Pub Date : 2022-09-07DOI: 10.22363/2313-1438-2022-24-3-545-561
E. Brodovskaya, R. Parma, Konstantiv A. Podrezov, M. Davydova
The article presents the results of an applied political research on the representation of the 2022 Kazakh events in the Russian segment of social media. The context of the study stems from the significant intersection of the Russian and Kazakh segments of social media and the mutual influence of political processes. Under the political mobilization of the mass protests in Kazakhstan, which turned into an attempted coup, the activities of Russian counterelites intensified in various regions of Russia.
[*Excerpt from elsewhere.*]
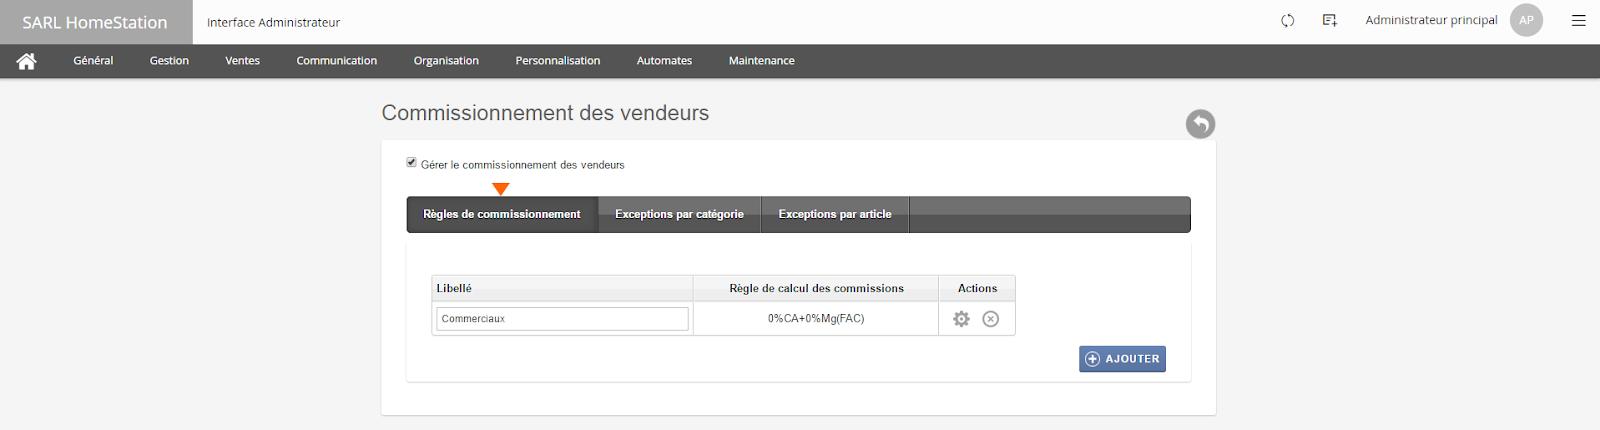 Interface_commissionnement_vendeur.png

Using a hybrid research strategy combined with cognitive mapping and social media analysis the authors managed to identify dynamic, structural and substantive characteristics of the information representation of the Kazakh events in the Russian segment of the Internet. The authors concluded that the scale of the Kazakh protests allowed to draw the short-term interest of the Russian audience, mainly from the regions bordering Kazakhstan. The use of economic triggers (rising prices, inefficient social policy, etc.) led to the involvement of the adult audience in the discussions around the Kazakh events, while a significant part of youth and young adults was excluded from information flows around the events. The study revealed that the Russian opposition attempted to use manipulative “contamination” technology in order to extrapolate the political and economic discontent in Kazakhstan to the situation in Russia. At the same time, the greatest resonance in the Russian segment of users was caused directly by the participation of the Collective Security Treaty Organization (CSTO) in the settlement, and not by the social and economic triggers that led to the events.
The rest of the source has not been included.